**Given material**
== Segment start ==
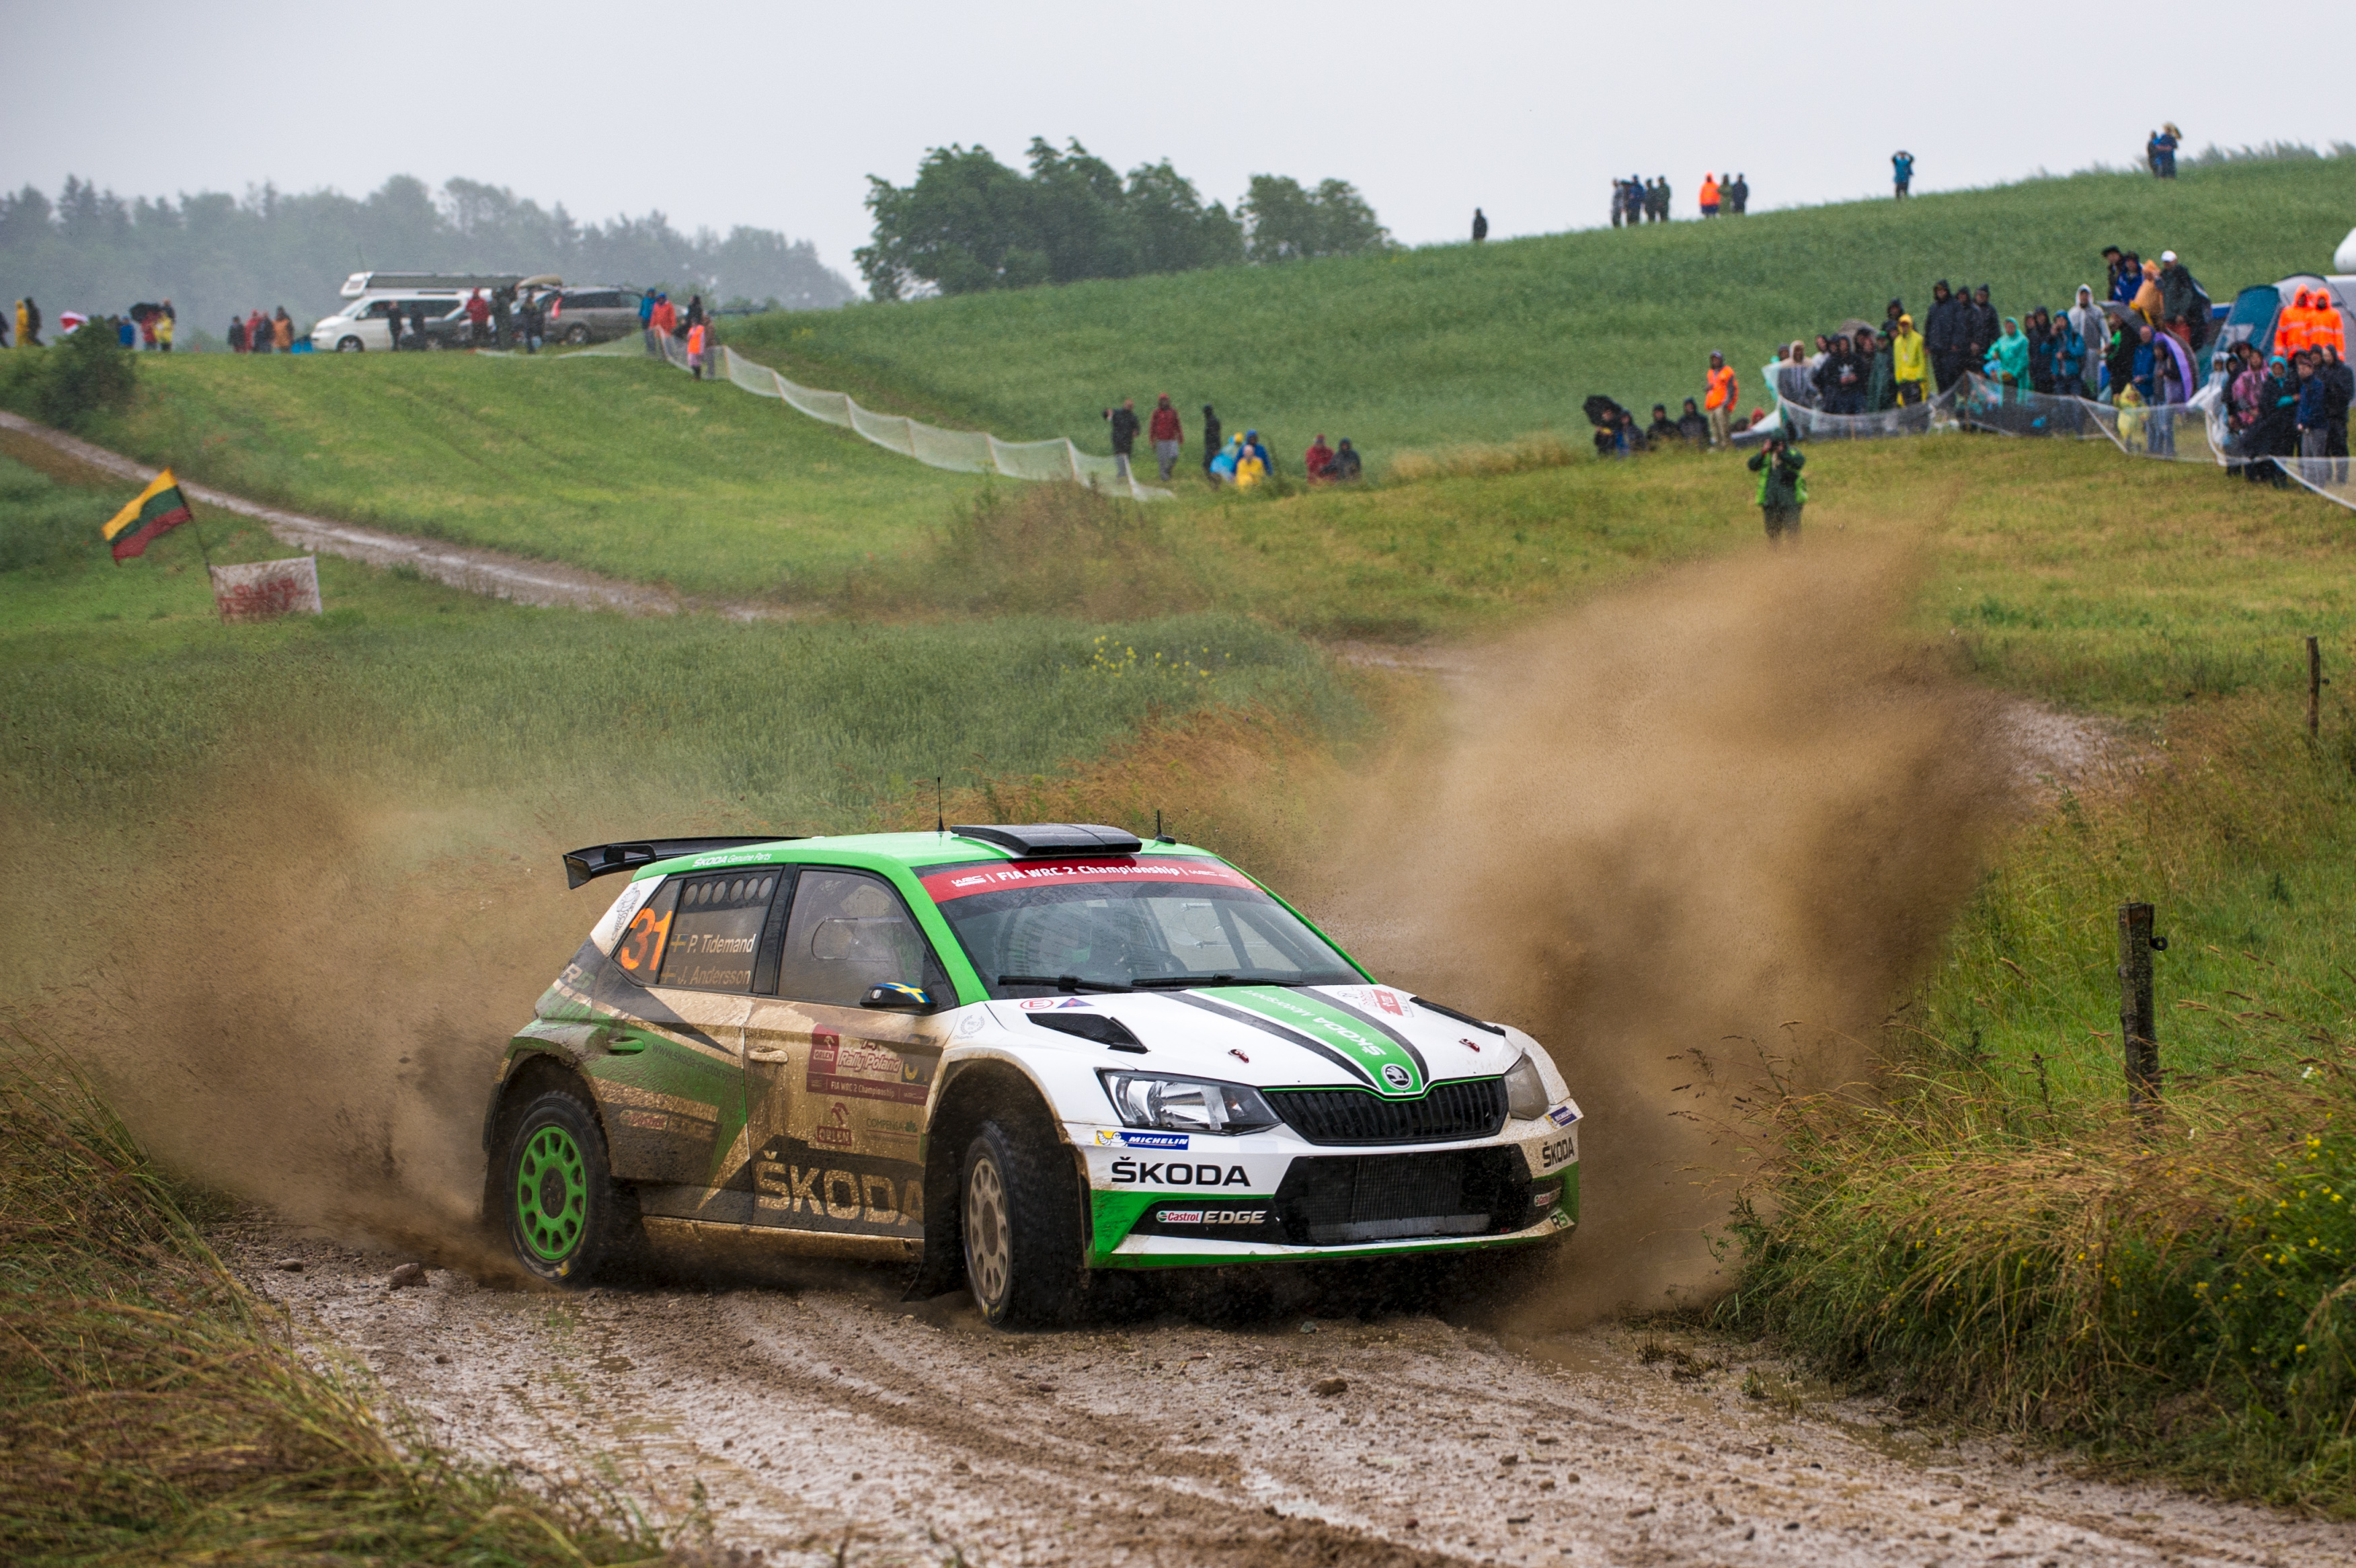 Výsledek obrázku pro Rally Polsko 2017
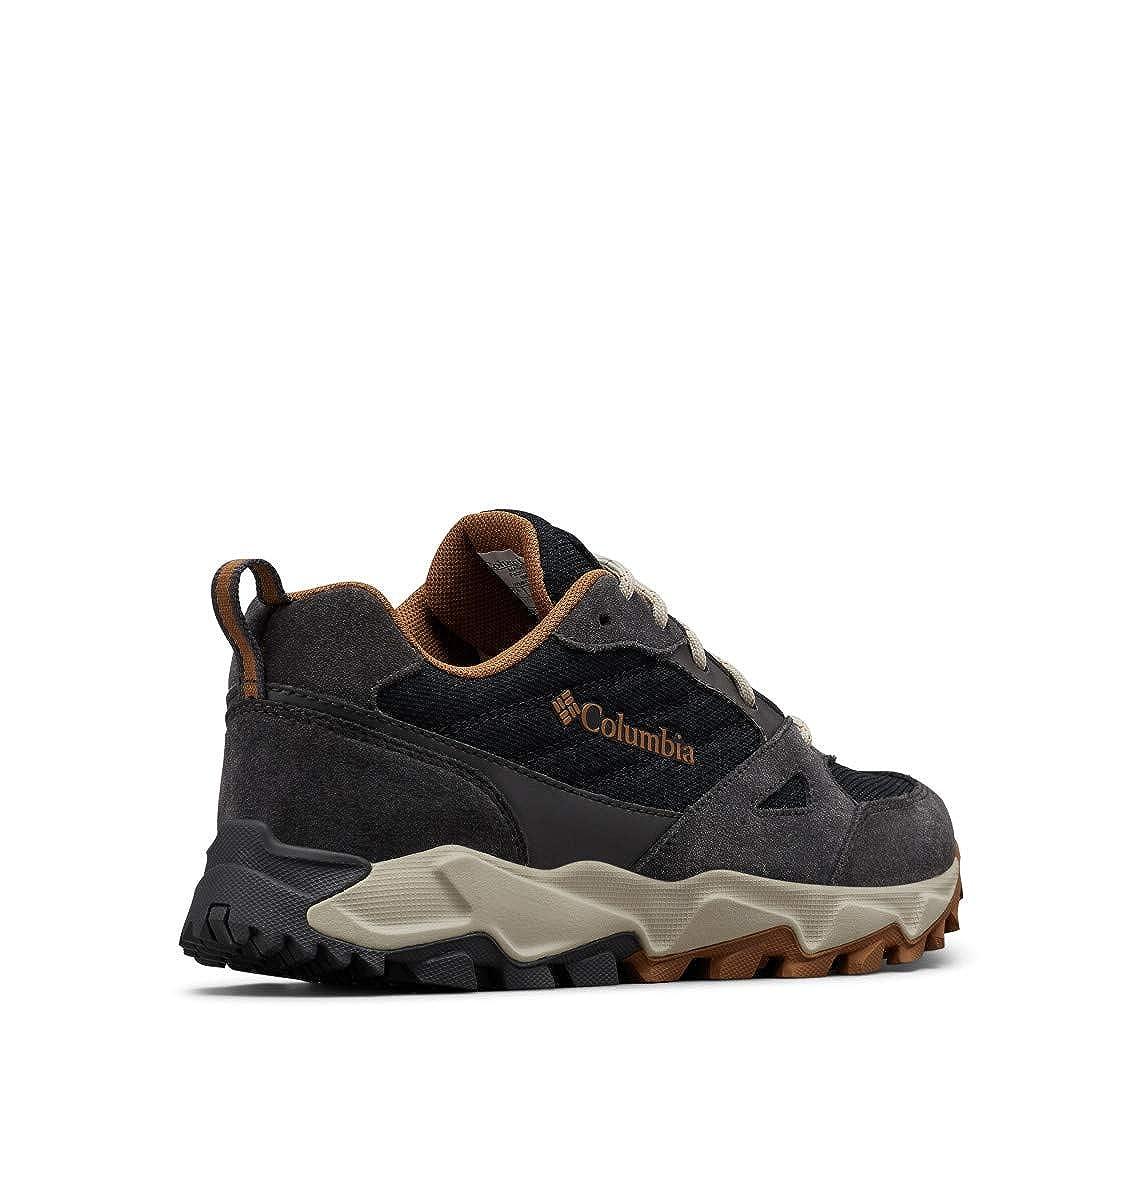 Zapatillas de Senderismo Mujer Columbia Ivo Trail
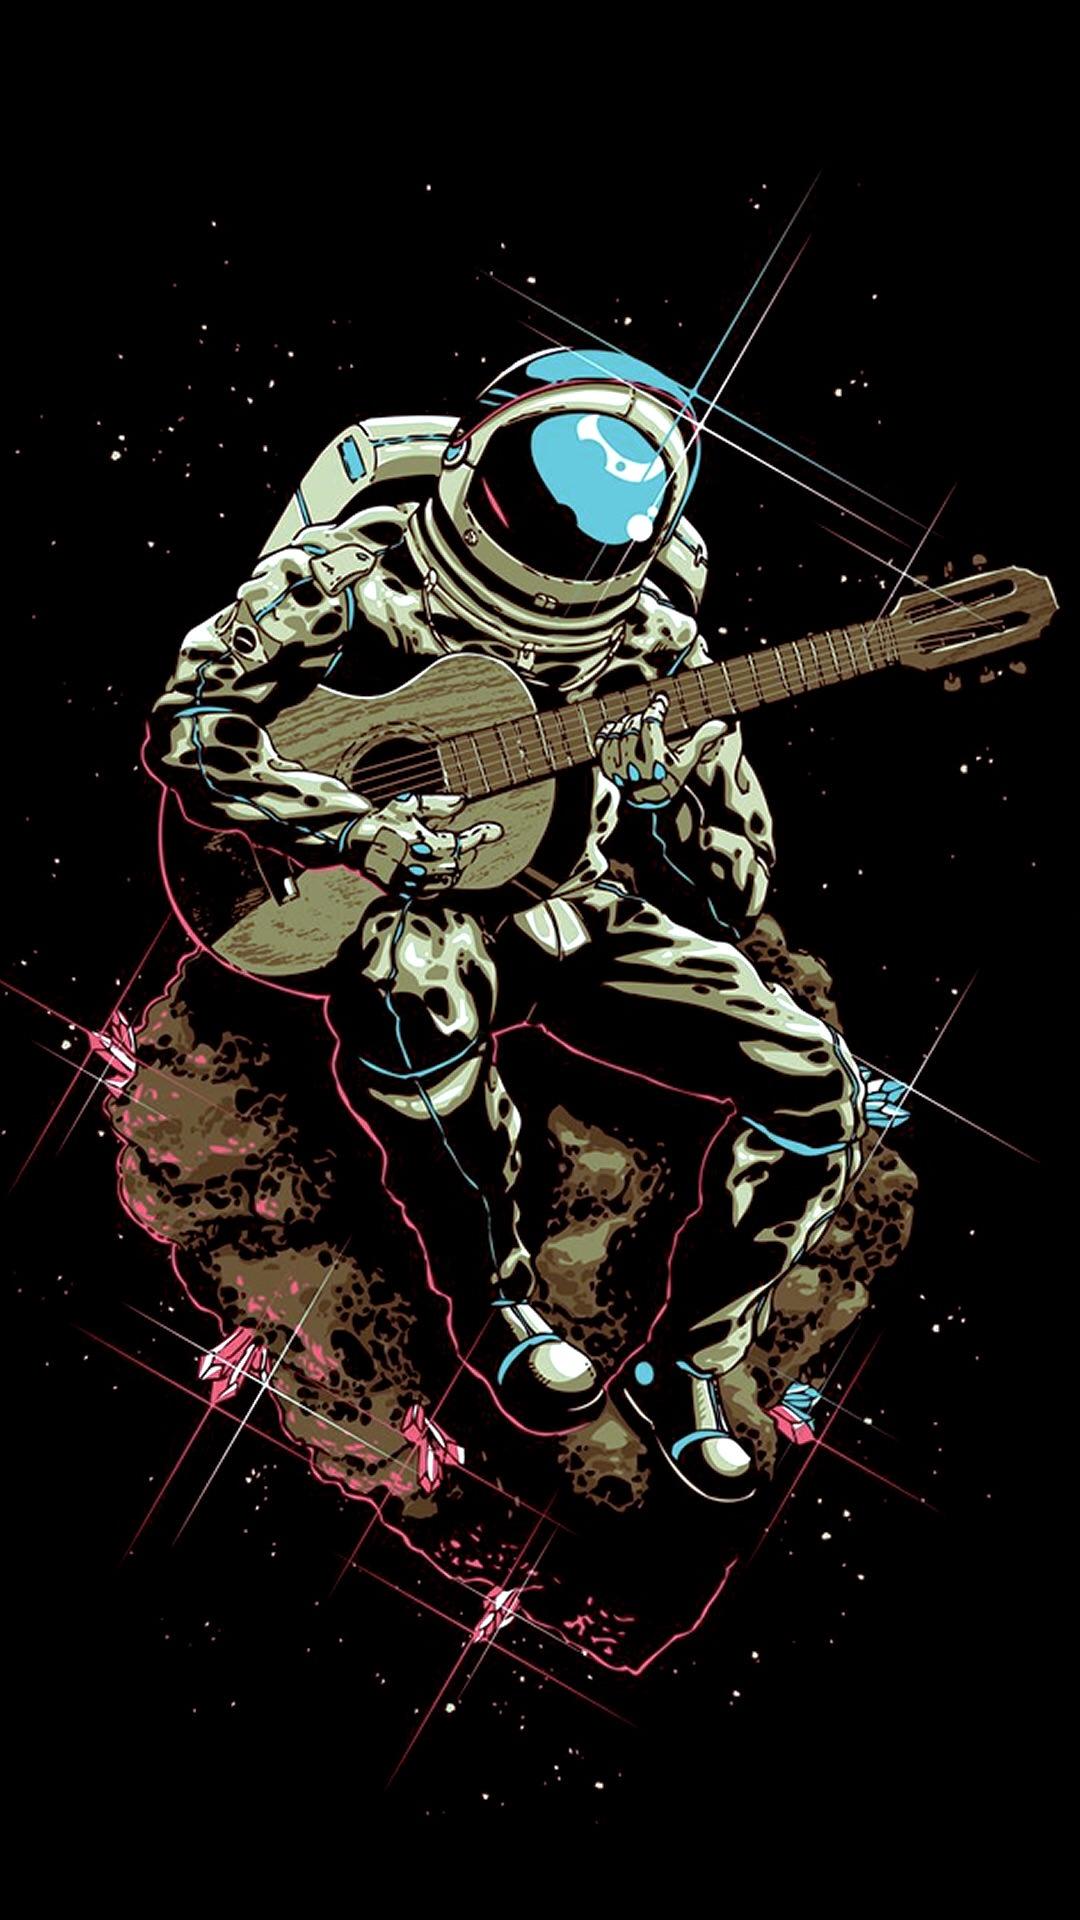 Psychedelic Astronaut wwwpixsharkcom   Images 1080x1920
== Segment end ==
**Work to be completed**
Exactly as written, give again every line from the one containing "Zapatillas de Senderismo" through the last line of the material, both included, with the pictures left out.

**Solution to this problem**
 Zapatillas de Senderismo Mujer Columbia Ivo Trail
 Psychedelic Astronaut wwwpixsharkcom   Images 1080x1920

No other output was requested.